Lisbon and Haiti, God and Earthquakes, Part 1

As Haiti’s mass graves swell, the Haitian government estimates that the death toll will reach 200,000.   If that proves to be true, it will place the 7.0 magnitude quake in the top seven most destructive earthquakes in recorded history.

While the people of Haiti are trying to figure out how to cope, people who watch from a distance are trying to figure out how to process this overwhelming natural disaster.   Why did it happen?   What sense can we make of it?

The explanations are numerous.   Some say, it happened simply because of the moving of geological plates which form a fault line six miles below.  Others blame global warming.  Still others pin the devastation on Haiti’s class system which disfavors the poor, or on unfair international loan policies, or even the absence of the rule of law in Haiti.   Pat Robertson said Haiti was cursed by God because its people swore a pact with the devil over two centuries ago through voodoo rites.   Skeptics say it is a waste of time to search for deeper answers—the quake was simply bad luck.

At first it may seem to be inappropriate to talk about the “why?” of Haiti.  This is a luxury for people who watch from a distance.   Those in the midst of the crisis have less time for reflection.  They need ministries of mercy more than armchair explanations.  But for those of us who are far removed from this crisis, (and eventually for those who have lived through it), we must all eventually take some time to reflect on its meaning.   To do this, it may help to recall the Great Lisbon Earthquake of 1755.
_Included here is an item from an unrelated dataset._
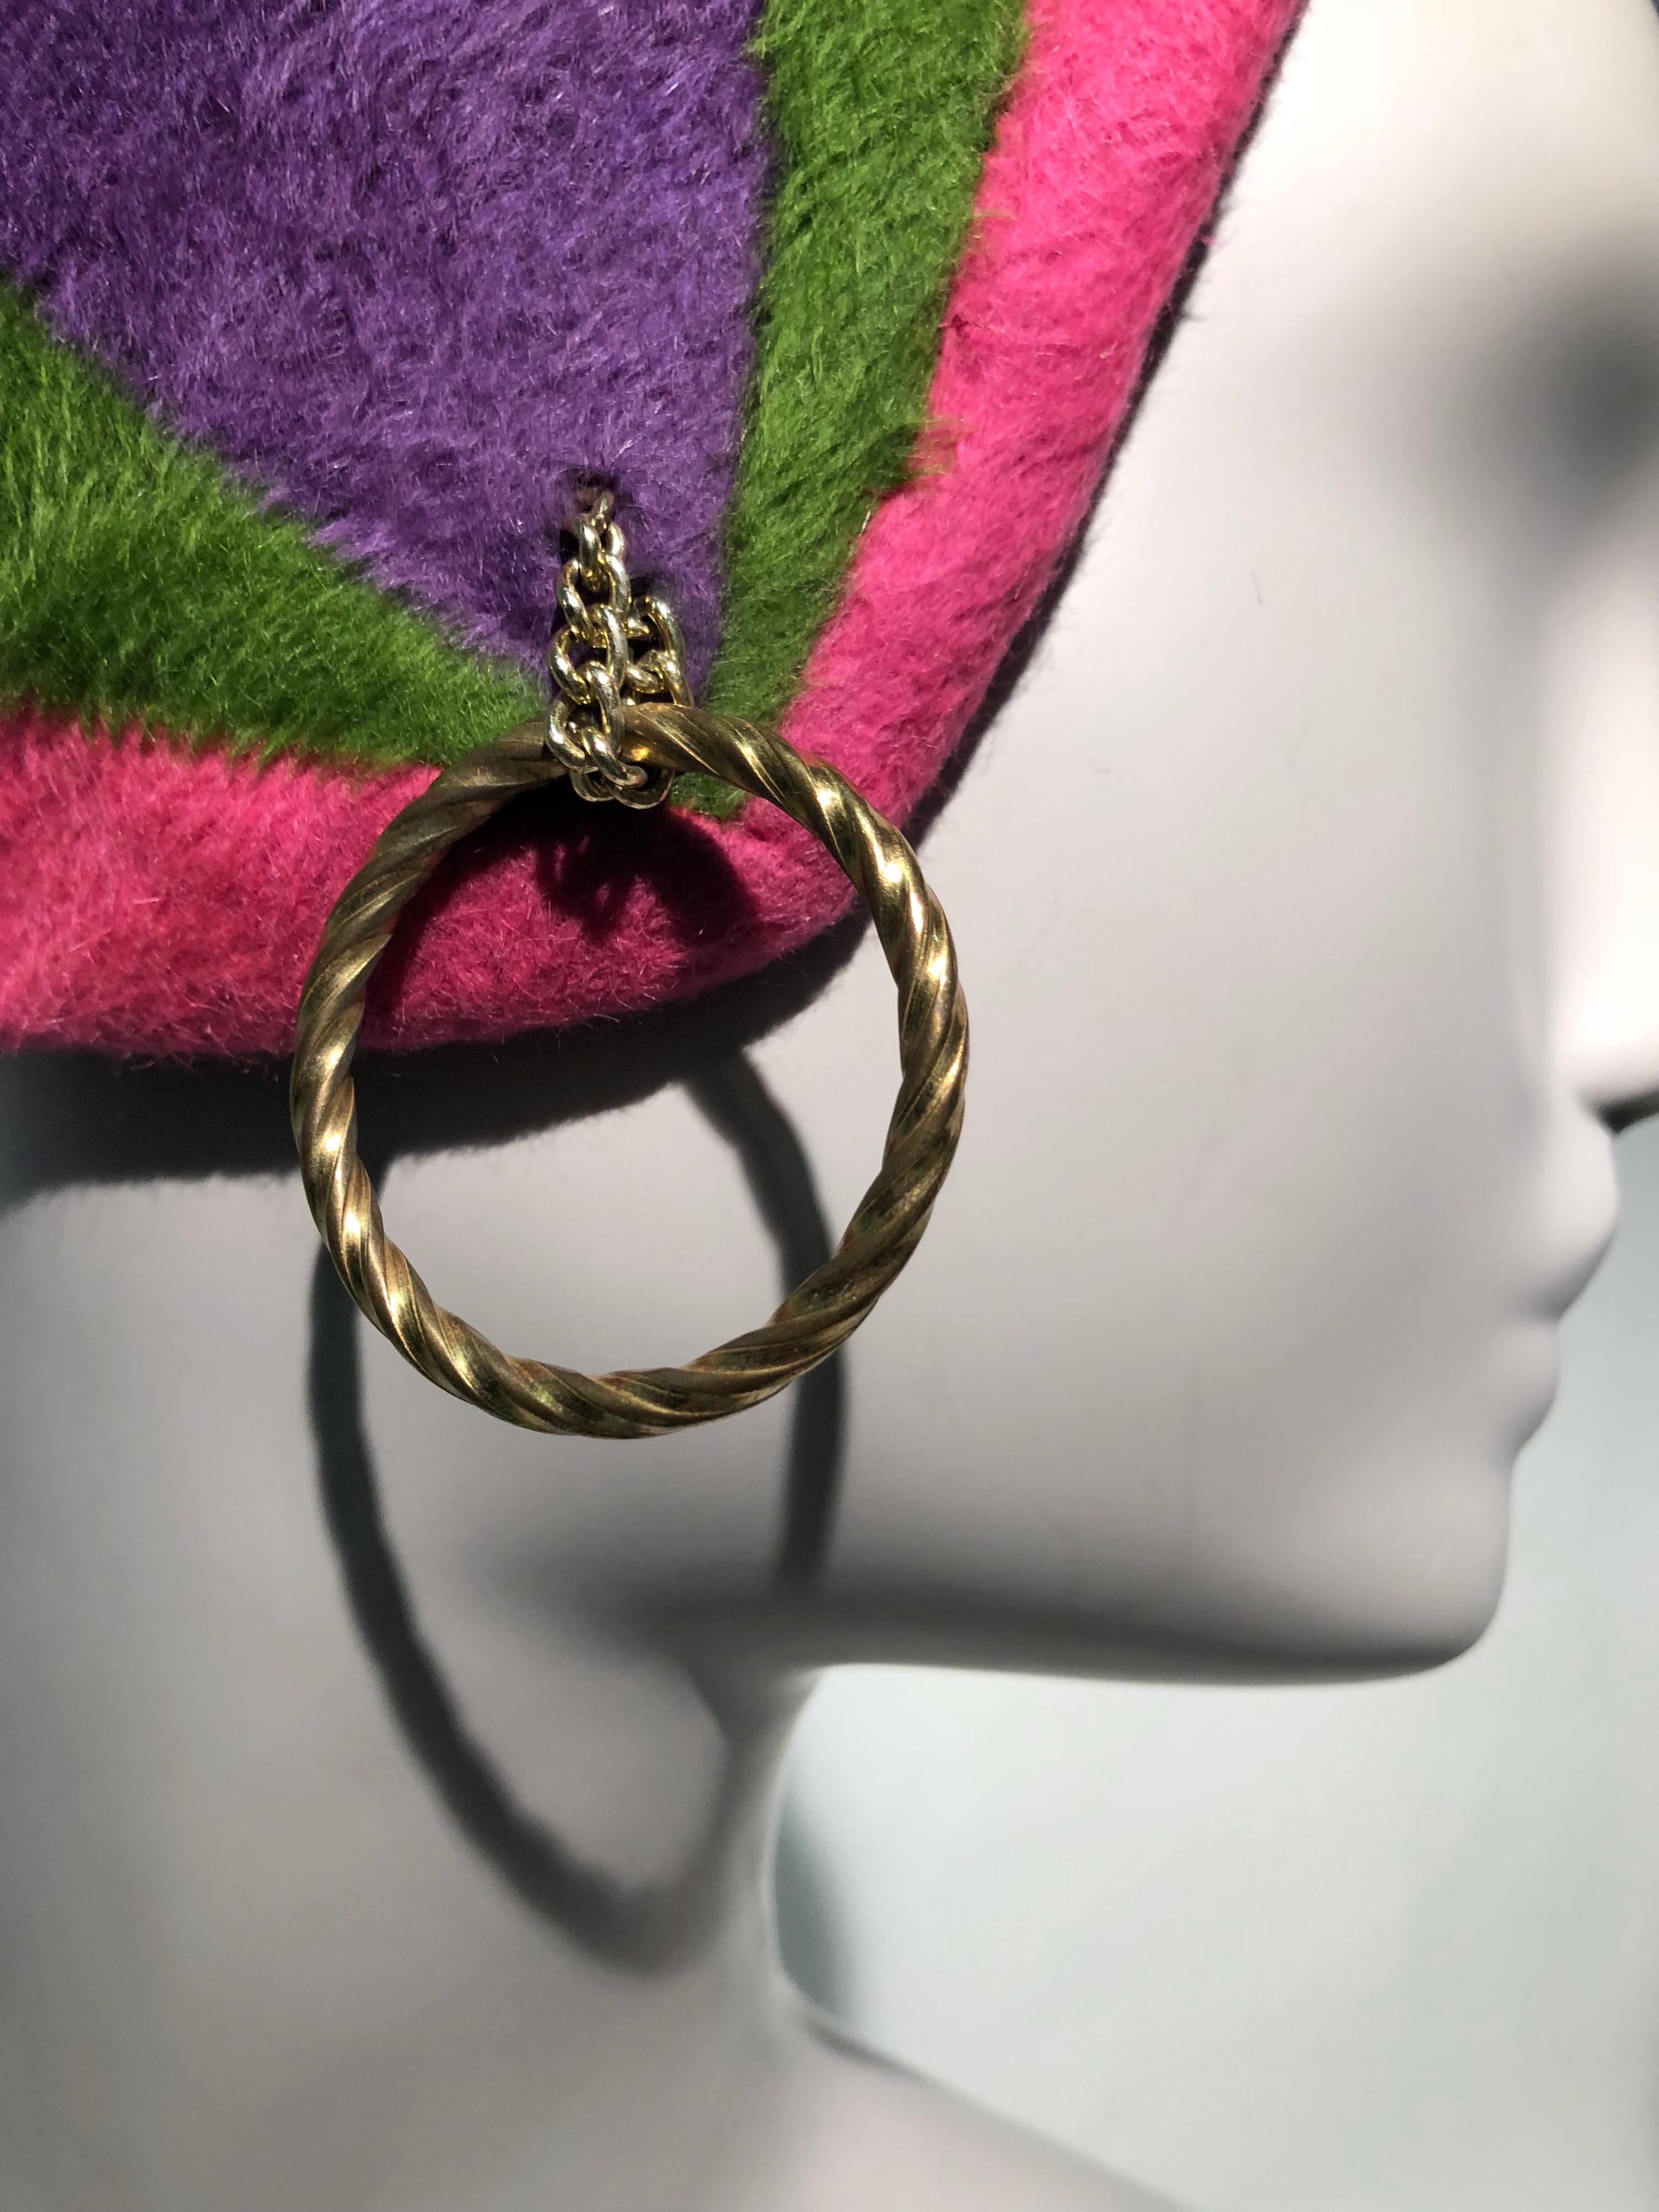 A unique 1960s Adolfo II mod helmet cloche style hat in pink green and purple felt with a gold-tone hoop earring attached on one side, to be worn over the ear. This iconic hat was featured on the cover of Vogue in the 1960s!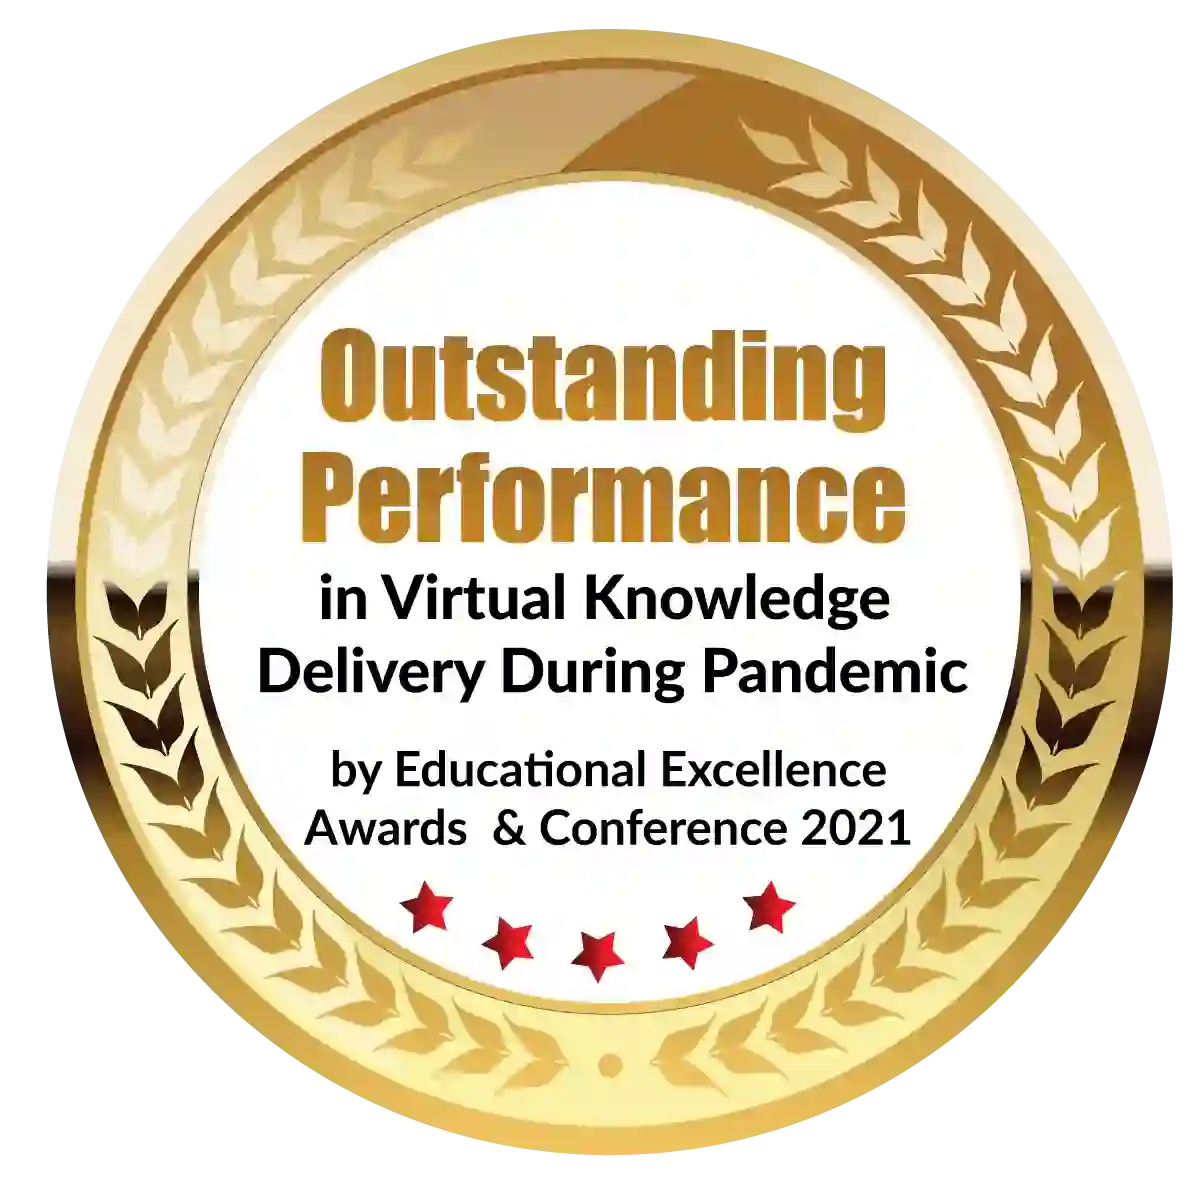 Outstanding Performance in Virtual Knowledge Delivery During Pandemic

In that year, one of the world’s most beautiful cities was destroyed by a ten minute quake which was estimated to measure a massive 8.0-9.0 on the Richter Scale.  It rocked Portugal and all of Europe.   The fires and tsunamis afterwards brought even more destruction.   The traumatic quake not only resulted in the death of some 70,000 people, but also raised deep questions in many people’s minds about God and the nature of this world.

Some people back then viewed the quake as an act of God which was punishment for Europe’s sins.  Italian Jesuit theologian Gabriel Malagrida wrote that this was not just a natural event, but it was another instance of the wrath of God poured on Europe because of her “abominable sins.”  In light of this event, he said, “it is necessary (for Europe) to devote all (its) strength to the task of repentance,” (AN OPINION ON THE TRUE CAUSE OF THE EARTHQUAKE).

Protestant preacher John Wesley agreed.  “Is there indeed a God that judges the world” he asked.   Wesley was convinced that God was not pleased with the “covetousness, ambition, injustice, luxury and falsehood” that had infected every rank of Europe’s people.  He also mentioned the bloodshed from the Portuguese Inquisition, along with its plundering the new world’s inhabitants for stores of gold.

In a tract called, SOME SERIOUS THOUGHTS OCCASIONED BY THE LATE EQARTHQUAKE AT LISBON IN 1755, Wesley said, “it is not chance which governs the world.”    He asked “does not God work by natural causes?” “Has his providence nothing to do with it?”   He was convinced the Bible says that all things serve him.  Even natural causes are under the direction of the Lord of nature.

Other people in Europe were not so sure.   Deists insisted that God is not involved in the world in this way.   He does not intervene in the physical world, they said.  The Enlightenment’s concept of nature as an intelligible, machine-like world precluded any kind of divine intervention in the physical world—be it miracle or divinely ordered judgments.   Baron d’Holbach, in his book THE SYSTEM OF NATURE (1770) wrote that the world is an “uninterrupted succession of causes and effects.”   Nature is “entirely destitute of goodness or malice.”

Still others took a more skeptical line.  The French satirist Voltaire (Francois Marie Arouet) claimed that such disasters are not the result of eternal laws, nor are they judgments on people.  In his book, CANDIDE, among other things, he attacked the idea that an earthquake could have any theological explanation whatsoever.  Voltaire ridiculed the theologians and preachers who spoke of an earthquake being a divine judgment on a society because of its sins.

In the wake of the earthquake in Haiti, I am struck by the fact that some things never change.  We are still having earthquakes.   And we are still hearing all kinds of explanations about what might be going on.   Many in the press and the blogosphere are savaging Pat Robertson for his comments.   Some are even invoking Voltaire—saying that theological explanations are out of bounds when it comes to assessing the ruins because there are no ultimate explanations of what is going on.

Even if Robertson’s wisdom and time are questionable, I for one am not ready to accept that.